[Opening Stored data section]
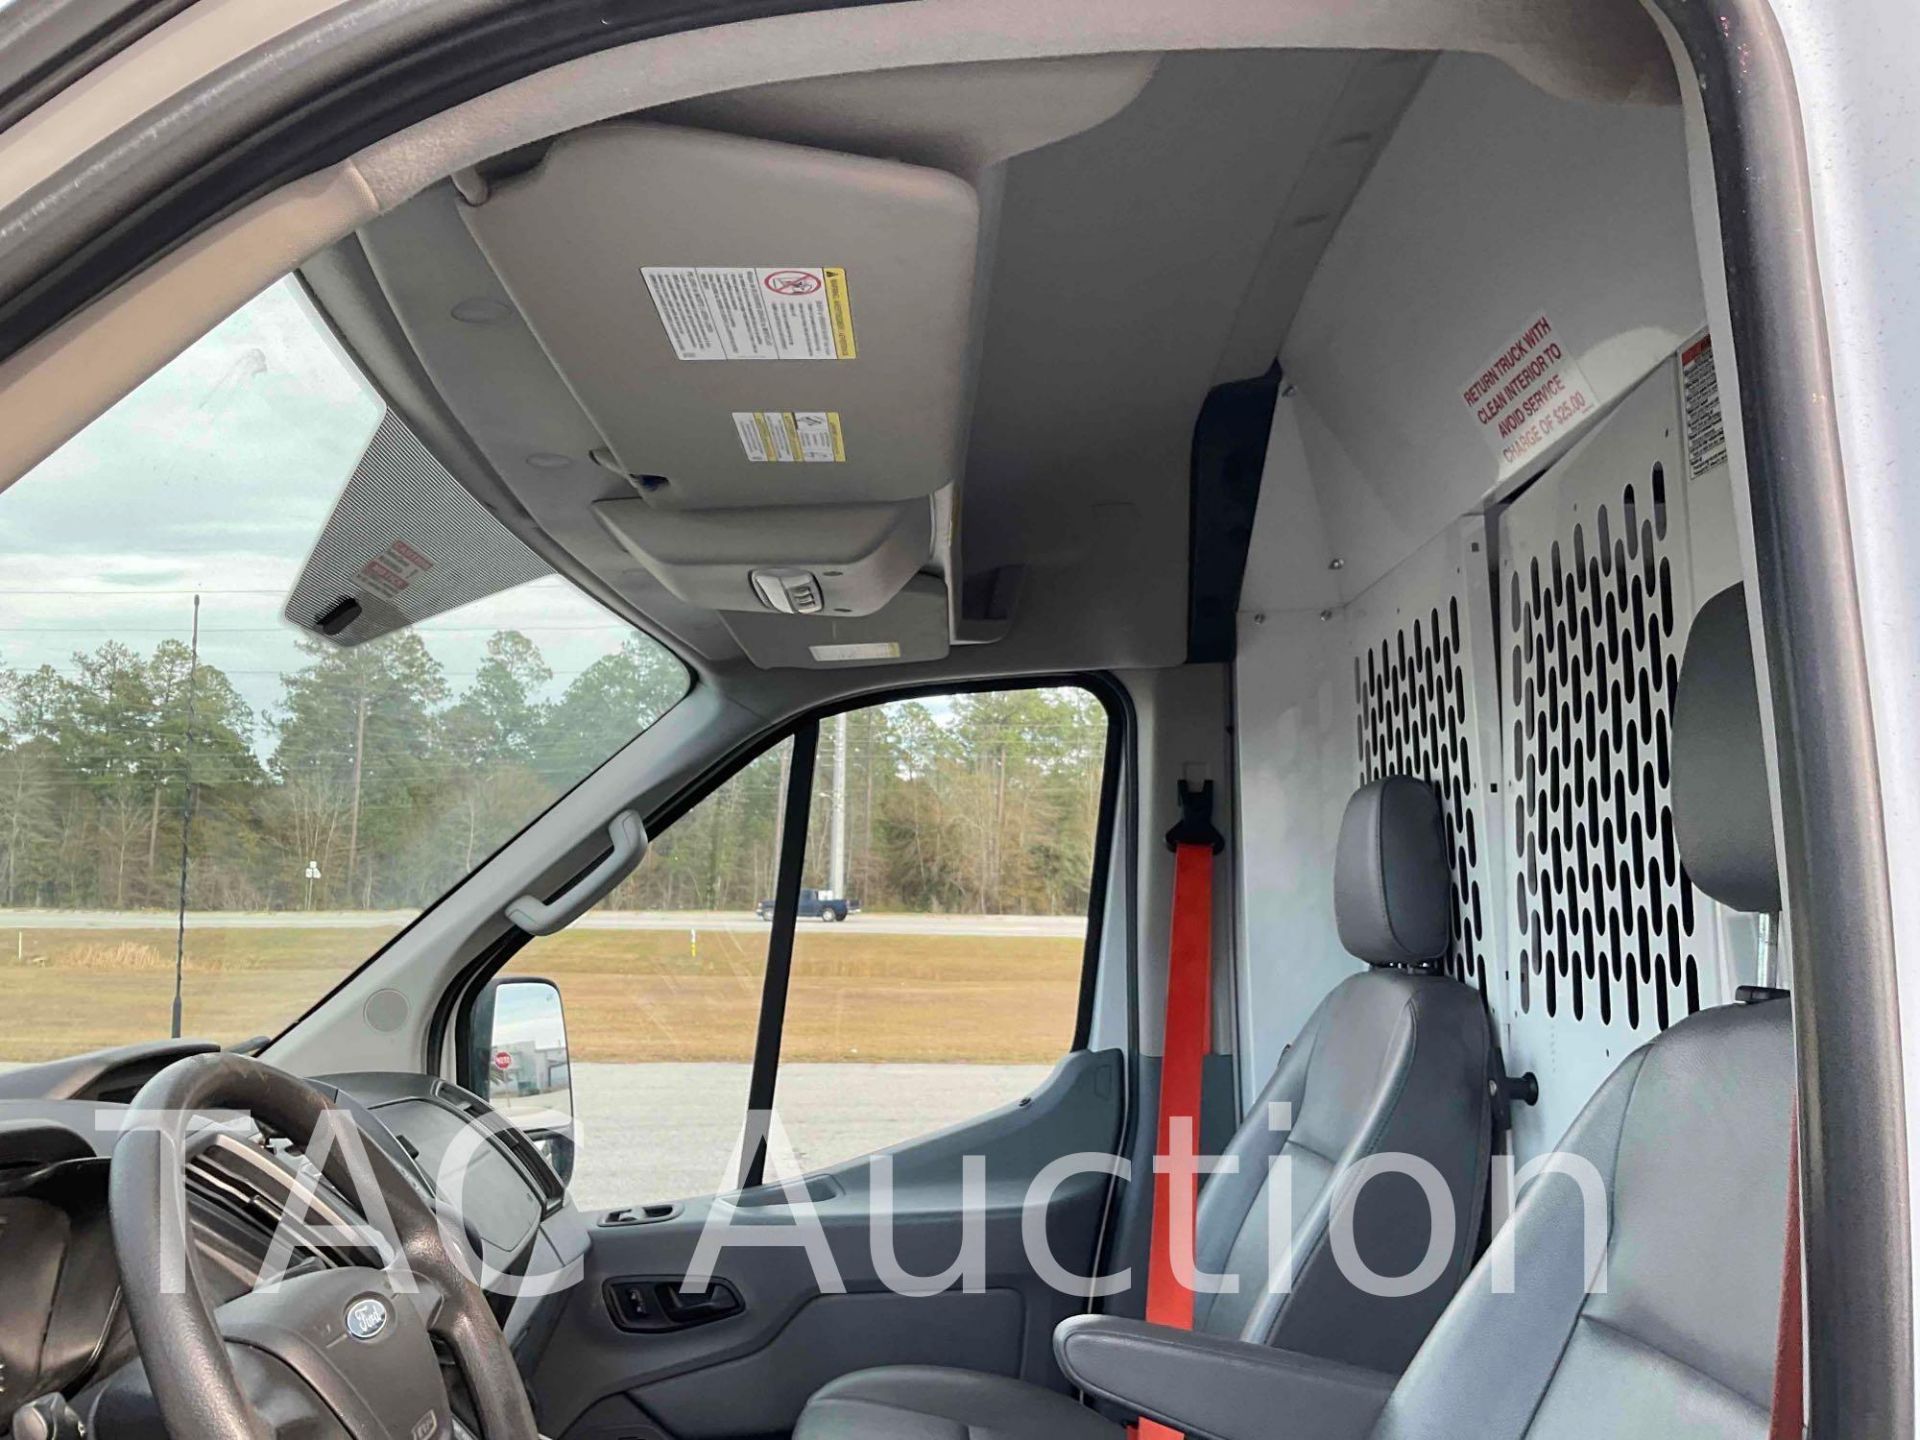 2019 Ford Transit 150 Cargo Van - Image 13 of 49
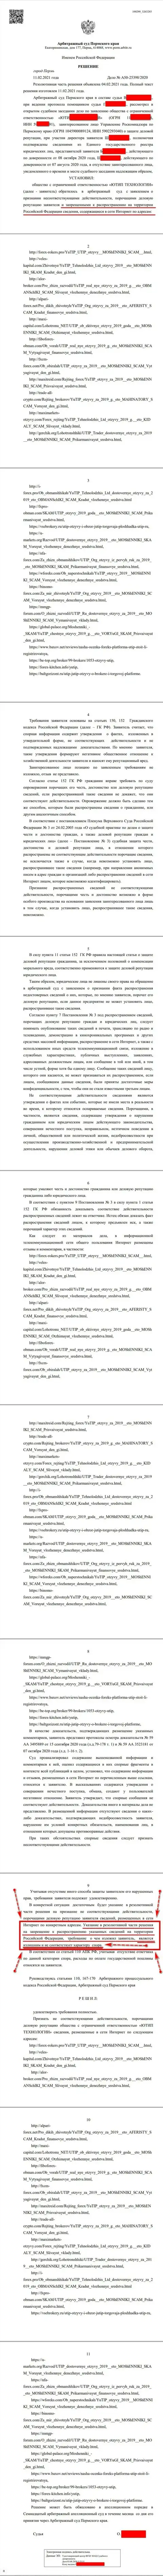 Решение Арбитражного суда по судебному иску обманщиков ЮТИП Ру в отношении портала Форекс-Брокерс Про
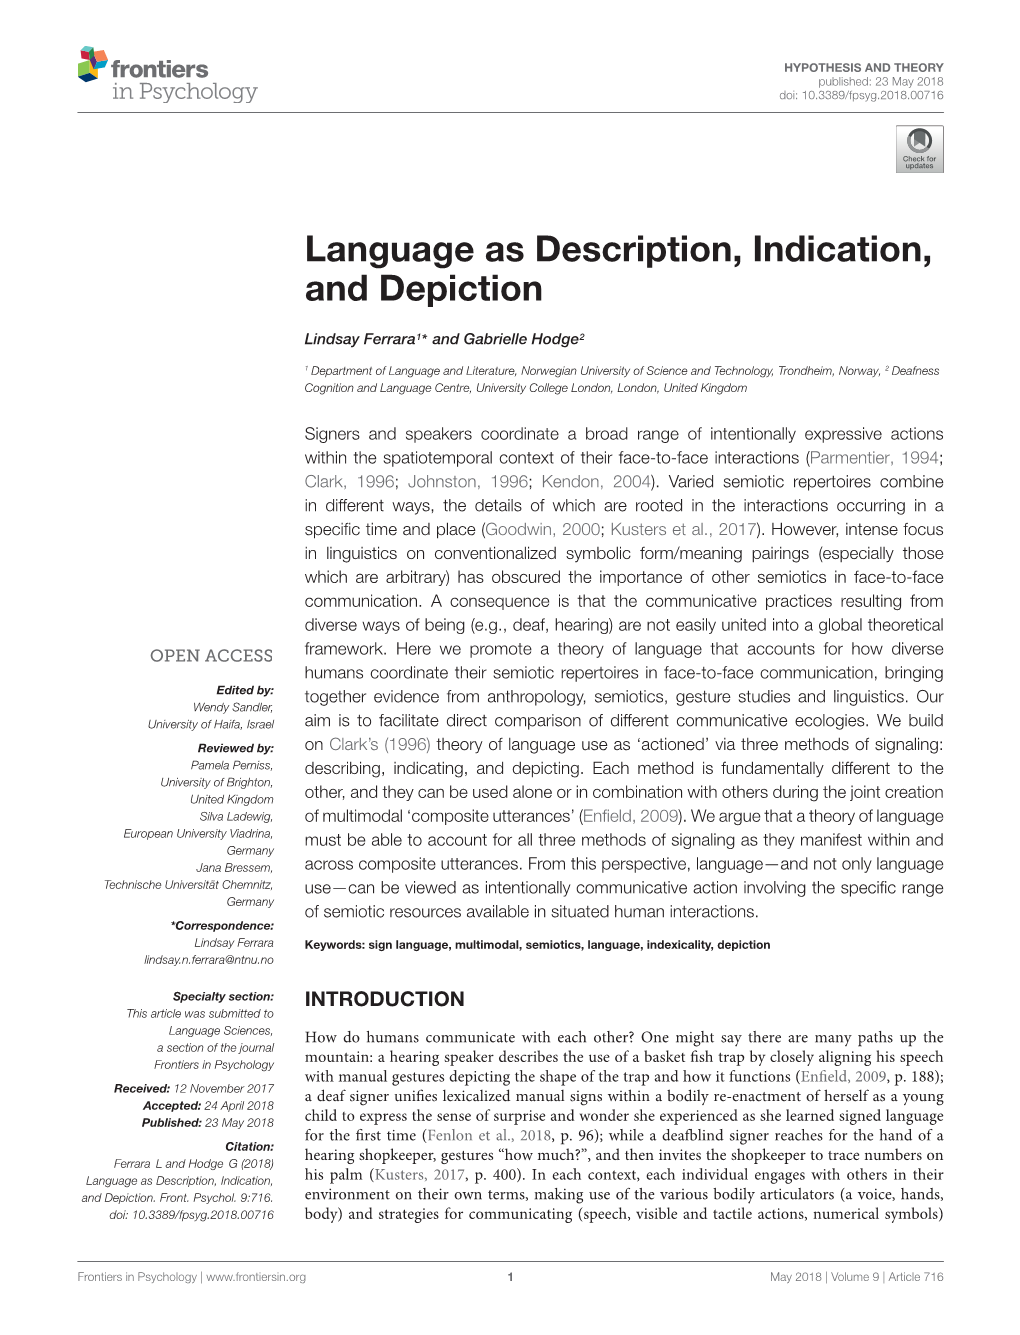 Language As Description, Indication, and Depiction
[Closing Stored data section]
**Required action:**
Copy out every line of the material above exactly, skipping the pictures.

**Final answer:**
 2019 Ford Transit 150 Cargo Van - Image 13 of 49
 Решение Арбитражного суда по судебному иску обманщиков ЮТИП Ру в отношении портала Форекс-Брокерс Про
 Language As Description, Indication, and Depiction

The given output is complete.